Core Differentiators
- Data scale and curation: Access to an extremely large, longitudinal cancer imaging database (reported figures: 182M–220M+ images) with linked diagnostics, treatments, and outcomes, which supports robust model training and external validity claims[2][3].
- Specialty product — Nota: A purpose‑built, cloud platform that ingests imaging from past and ongoing trials and runs prognostic models to produce patient‑level outcome predictions and computational control arms[4][3].
- Clinical & regulatory experience: Team includes clinicians and engineers with experience building regulatory‑grade imaging AI products and co‑authoring peer‑reviewed clinical research, supporting credibility for deployment in trials[5][4].
- Biopharma partnerships: Active incorporation of Altis predictions into statistical analyses by large sponsors (AstraZeneca, Bayer) demonstrates enterprise adoption and pragmatic utility in trial decision making[3][1].
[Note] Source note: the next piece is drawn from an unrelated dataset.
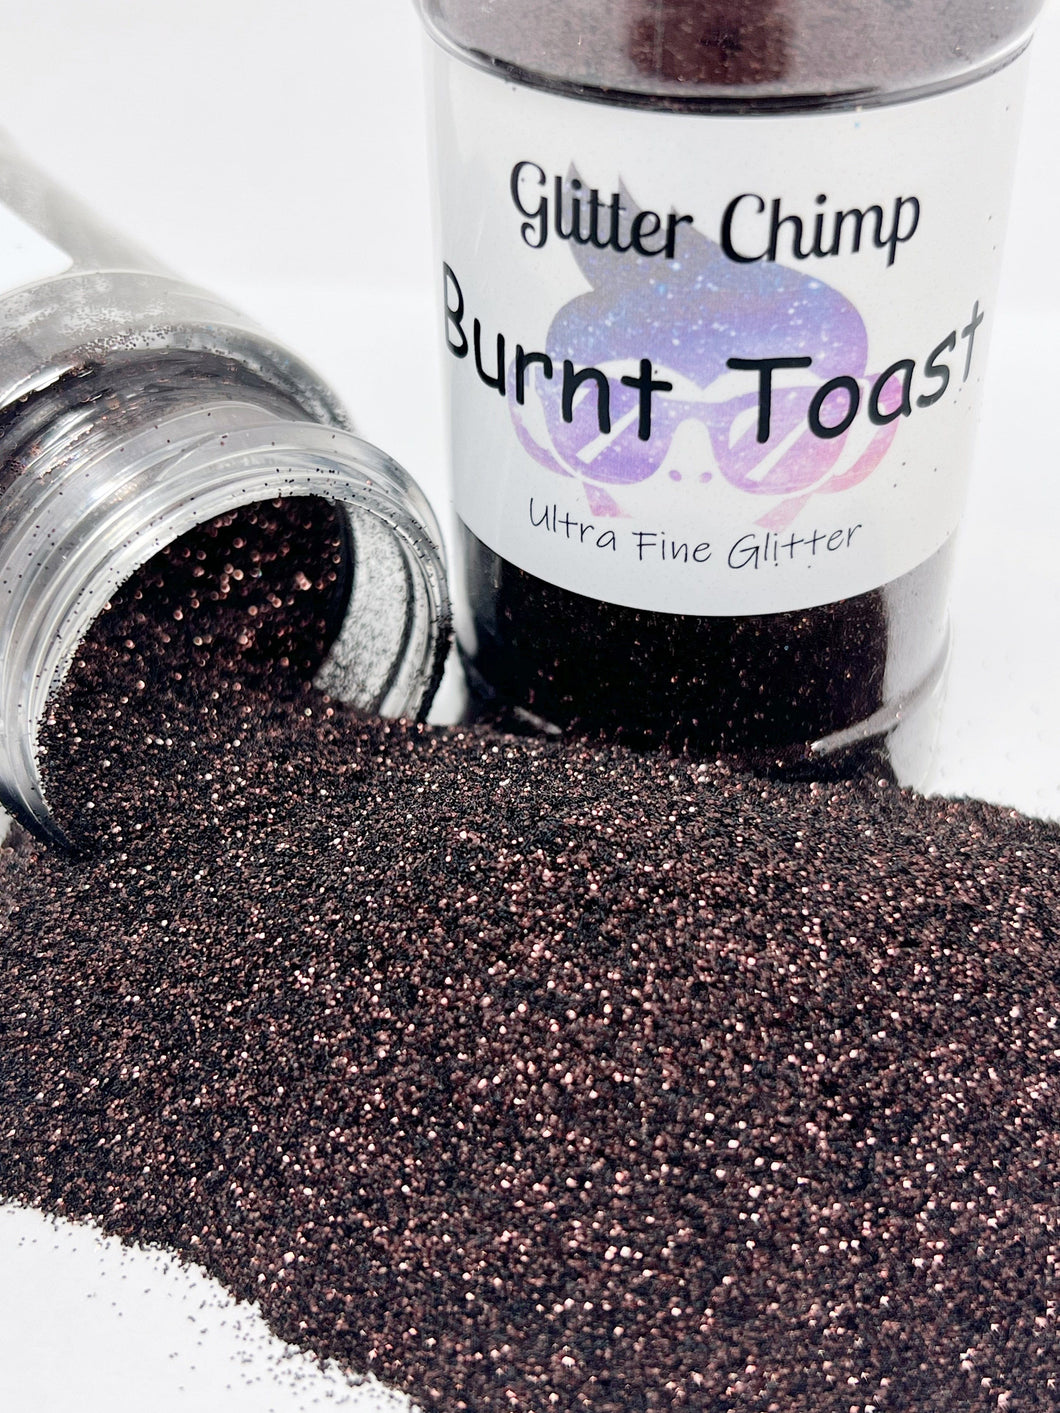 Burnt Toast - Ultra Fine Glitter
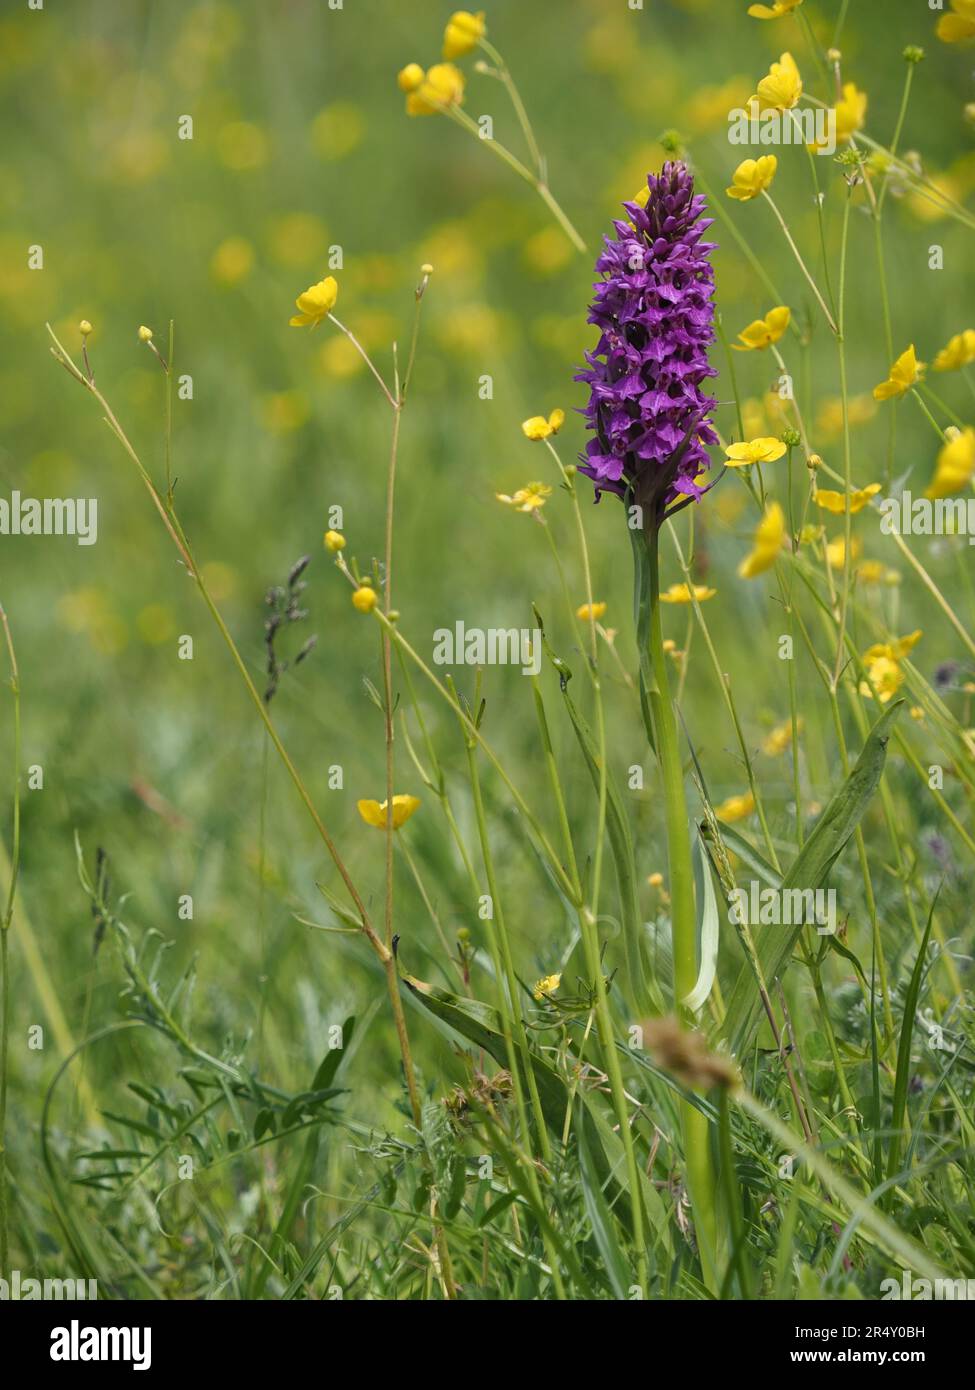 Marsh orchid growing alongside buttercups in wetland grasses Stock Photo

- Demonstrated performance: Example results cited include substantial improvements in outcome prediction (e.g., a reported 48% improvement in lung cancer outcome prediction versus standard approaches in validation work)[4].
Role in the Broader Tech Landscape
- Trends they are riding: Altis sits at the intersection of clinical AI, real‑world data (RWD), and digital clinical trial innovation — specifically the use of imaging‑derived biomarkers and synthetic/computational control arms to make trials more efficient[3][4].
- Why timing matters: Rising costs and long timelines in oncology drug development, broader regulatory and industry interest in RWD and synthetic controls, and maturation of deep learning for imaging create strong tailwinds for platforms that can reliably extract outcome signals from routine scans[4][3].
- Market forces in their favor: Pharmaceutical pressure to de‑risk pipelines, greater acceptance of AI tools in clinical workflows, and improvements in cloud infrastructure for large‑scale model training enable faster commercialization of imaging AI for trials[3][4].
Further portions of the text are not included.